At the start of the German occupation, Kremenchug had a high number of Jews, who made up 22% of the population of the city in 1939. Most Jews were able to evacuate prior to the German occupation, although around 7,000 remained by the time the city was taken. After the Germans arrived, they robbed identified Jews and began conscripting them for labour while requiring them to wear Yellow badges and have a specific curfew. Sometime in early September, within days of the Germans arriving, the Einsatzkommando 4b entered the city, and they almost instantly began killing Jews on 13 September, shooting 125 during this stage. By September, only around 3,500 Jews plus 100 identified as mixed families were still recorded in the city, and those not killed during early September were brought into barracks on the outskirts of the city as a ghetto and left while being forced to surrender all valuables. 700 more Jews were captured and brought to the barracks over the following weeks. Testimonies by Jewish survivors described the conditions as very overcrowded, while historian Dieter Pohl later said it was because the ghetto was never meant to be long-term and was simply a preparatory area for the subsequent massacres.

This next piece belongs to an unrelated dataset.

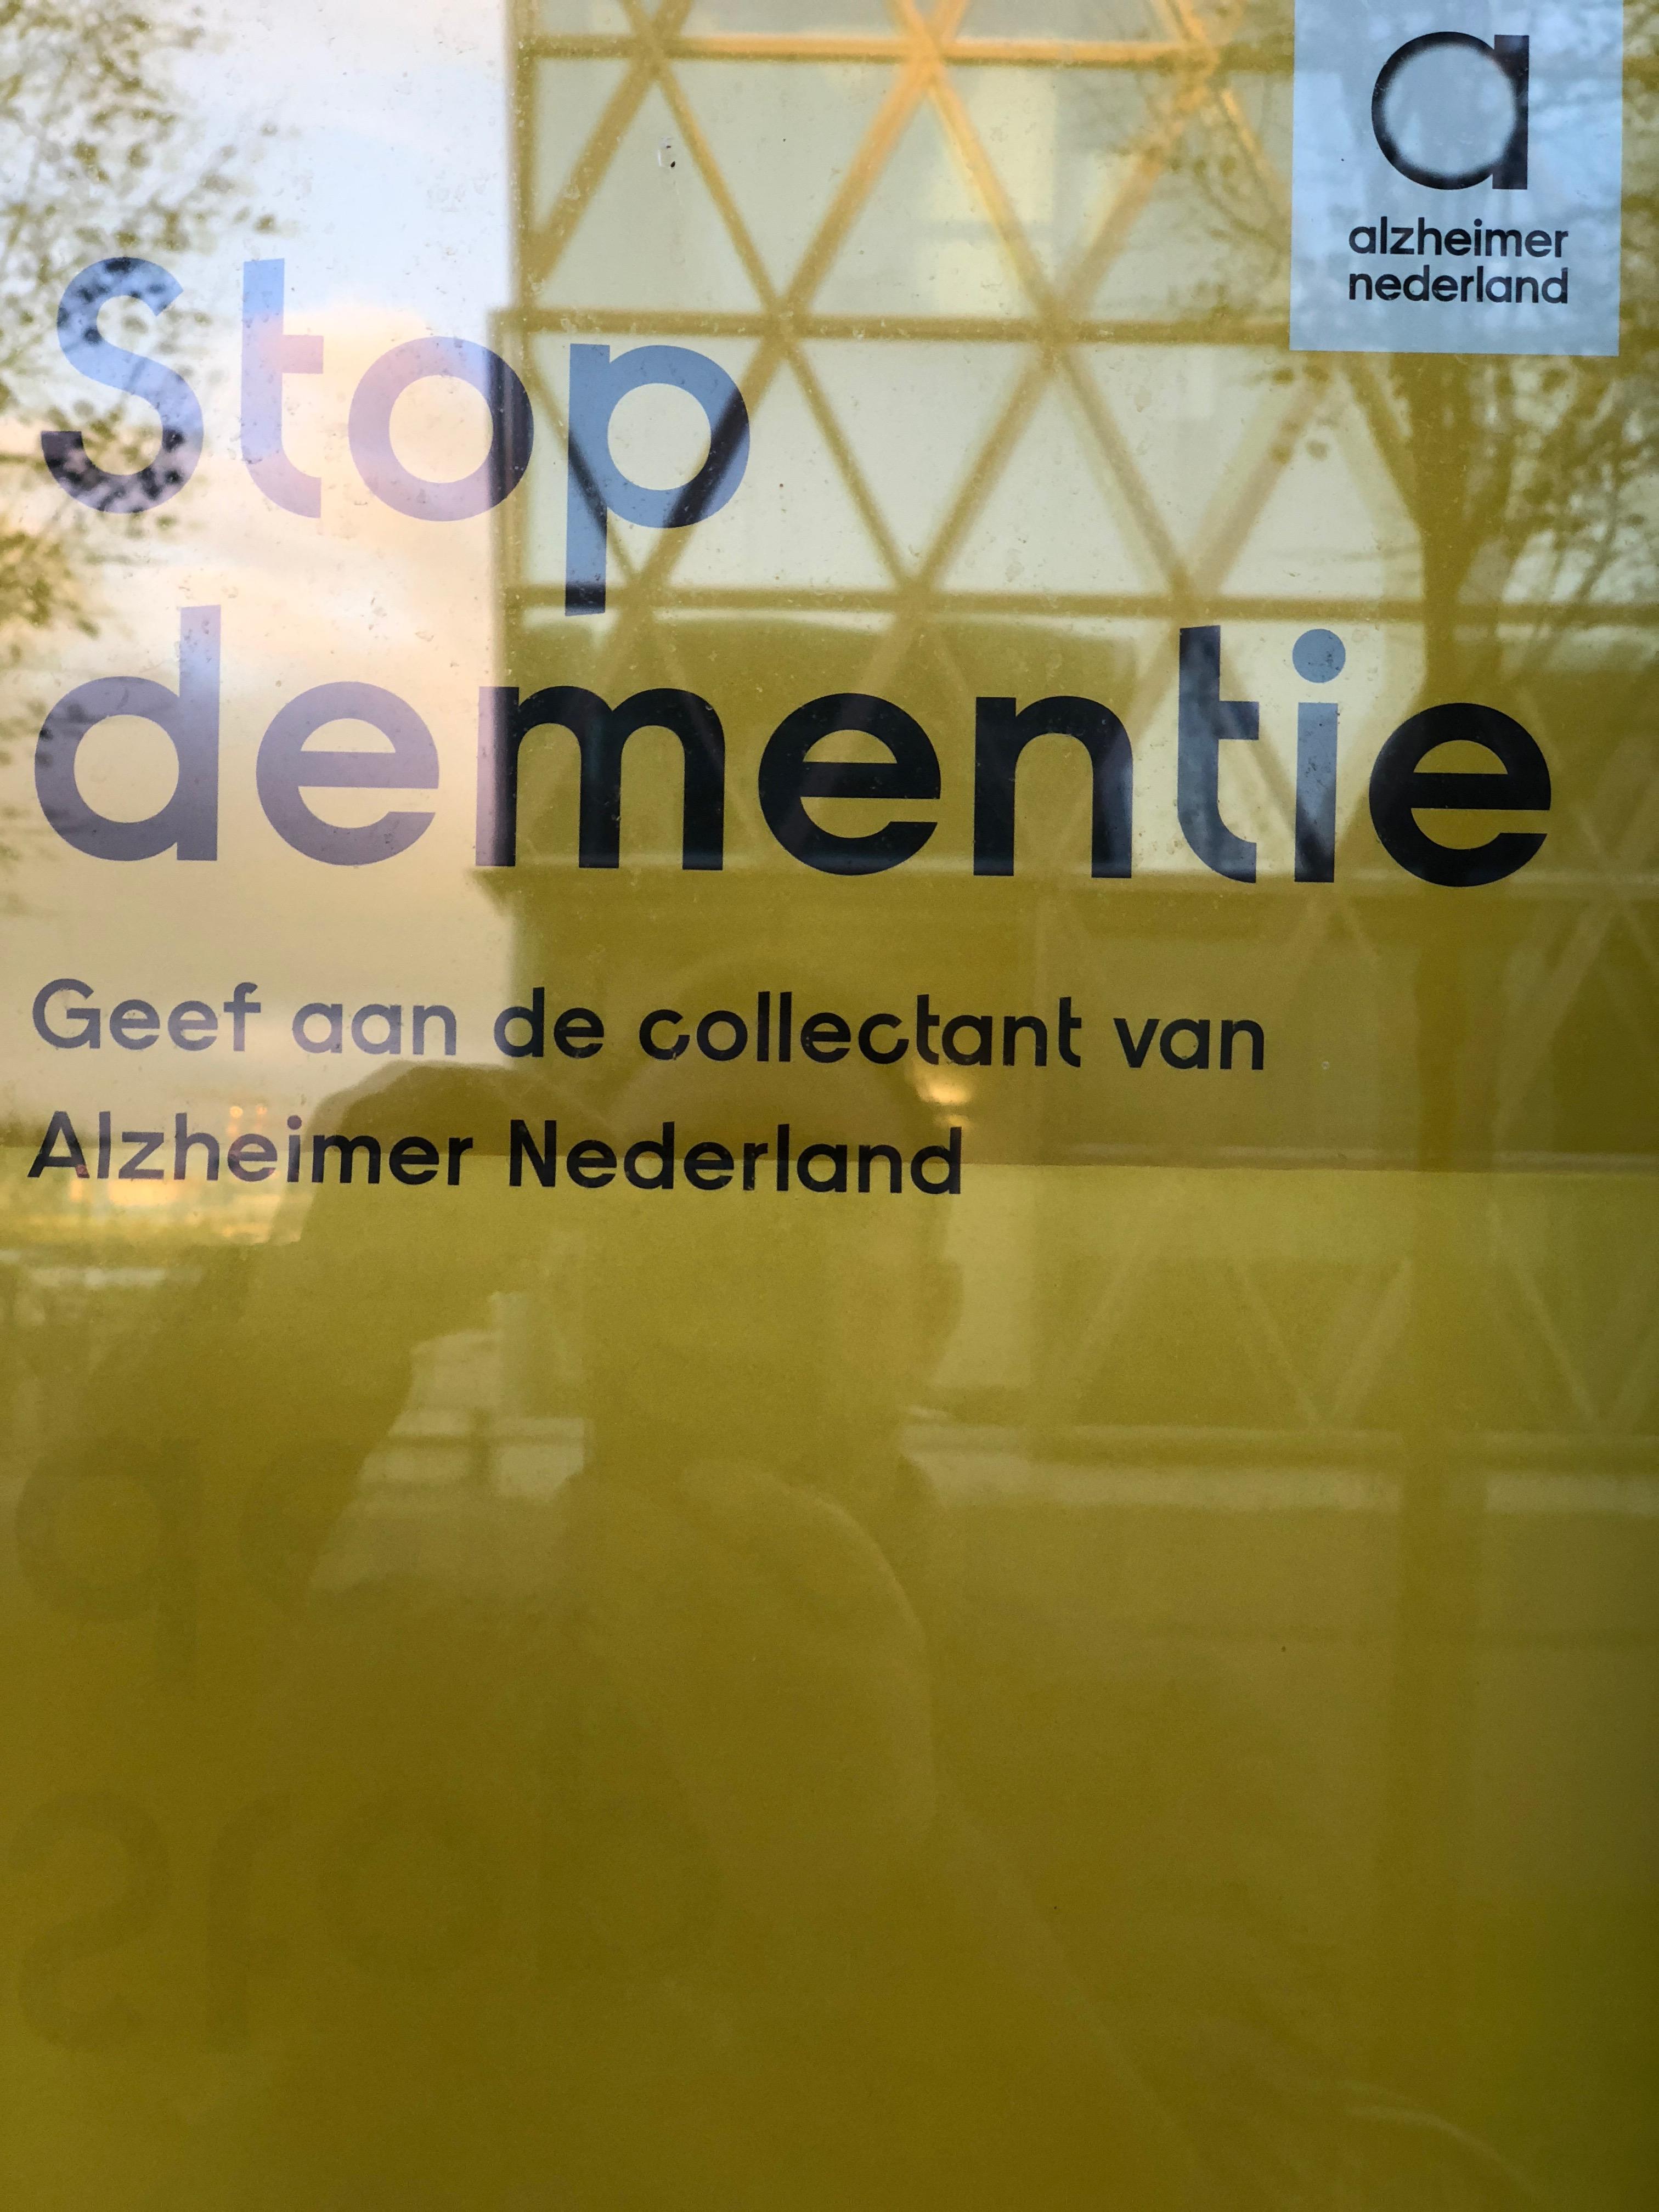 Collecte Alzheimer-Nederland (2017)

In late October, representatives of the Higher SS and police, led by Herbert Degenhardt, arrived to help begin the massacres of Jews and start the Holocaust in the city. The first killings began on 28 October 1941 at Peshchana Hill, and would continue there until January 1942, with the largest single massacre being on 1 November when 3,000 Jews died. An additional 500 Jews would die between November and January, with 124 being on 7 November, 148 on 8 November, 103 on 15 November, and then other instances. Also, around 1,500 people accused of being Jewish at the Stalag 346 camp were similarly massacred after being forced into pits in groups of hundreds, and 21 other doctors were killed at the camp, also after being stripped and forced into latrines. Not every Jew was killed instantly, as some deemed more "useful" were initially kept, but then later killed, especially after medical personnel were not exempt from being killed. However, local townspeople during this time did try to help, such as the city mayor who issued orders to baptise Jews, with church officials issuing them documents, although this was discovered and the mayor was executed. Another effort was the group "Patriot of the Motherland", which among its actions concealed Jewish people's identities in Stalag camps, also providing false testimonies and documents. They were joined by another underground cell which helped with forging documents and sheltering Jews.

A rough estimate done in 2007 found that, at least according to the Nuremberg trials, around 60,000 people were killed in the city during the occupation, of which 50,000 were prisoners of war, 8,000 were Jewish, and 20,000 were other civilians. Other estimates done by the Soviets put the number at 97,000.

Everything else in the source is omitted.